Effective personalization based on association rule discovery from web usage data

TLDR

Personalization at the earliest site visit must rely on clickstream logs, but the absence of explicit ratings and the sparse, voluminous data make standard collaborative filtering difficult, and while usage‑mining clustering can scale, it often sacrifices accuracy. The authors propose effective and scalable techniques for Web personalization based on association rule discovery from usage data. The approach uses association rule mining on clickstream logs to generate personalized recommendations. Experiments on real usage data demonstrate that the method improves recommendation effectiveness and outperforms k‑nearest‑neighbor collaborative filtering in computational efficiency.

Abstract

To engage visitors to a Web site at a very early stage (i.e., before registration or authentication), personalization tools must rely primarily on clickstream data captured in Web server logs.
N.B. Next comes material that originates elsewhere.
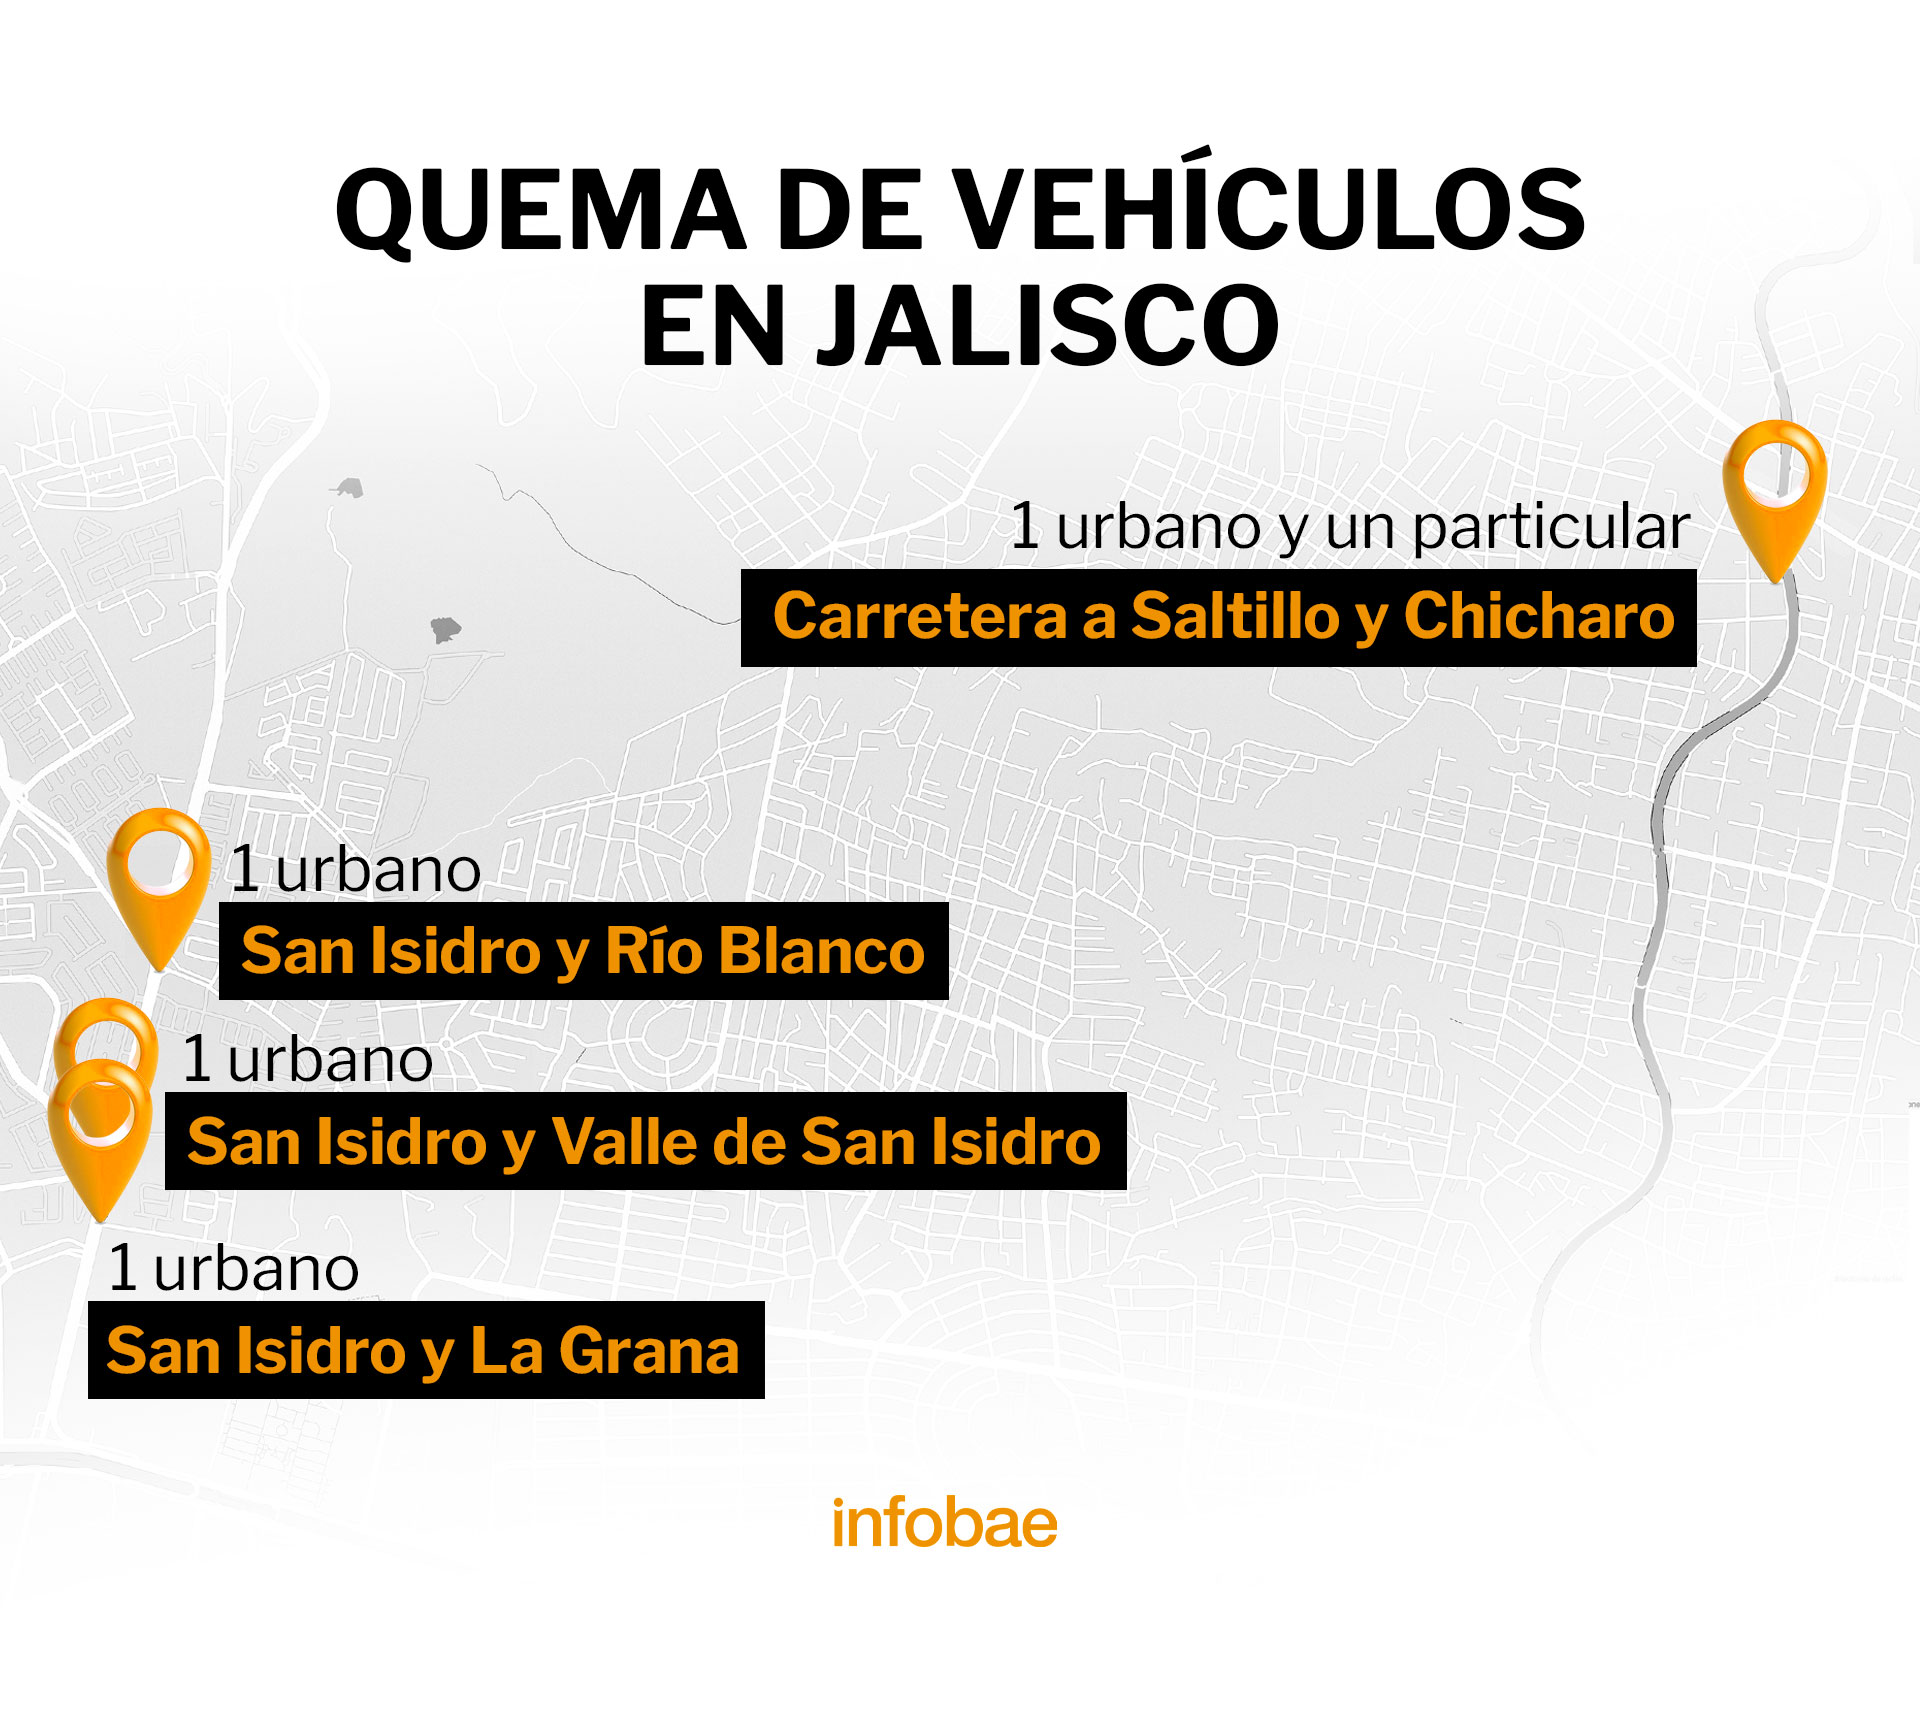 Narcobloqueos en Jalisco 9 de agosto
(Imagen: Infobae)

The lack of explicit user ratings as well as the sparse nature and the large volume of data in such a setting poses serious challenges to standard collaborative filtering techniques in terms of scalability and performance. Web usage mining techniques such as clustering that rely on offline pattern discovery from user transactions can be used to improve the scalability of collaborative filtering, however, this is often at the cost of reduced recommendation accuracy. In this paper we propose effective and scalable techniques for Web personalization based on association rule discovery from usage data. Through detailed experimental evaluation on real usage data, we show that the proposed methodology can achieve better recommendation effectiveness, while maintaining a computational advantage over direct approaches to collaborative filtering such as the k-nearest-neighbor strategy.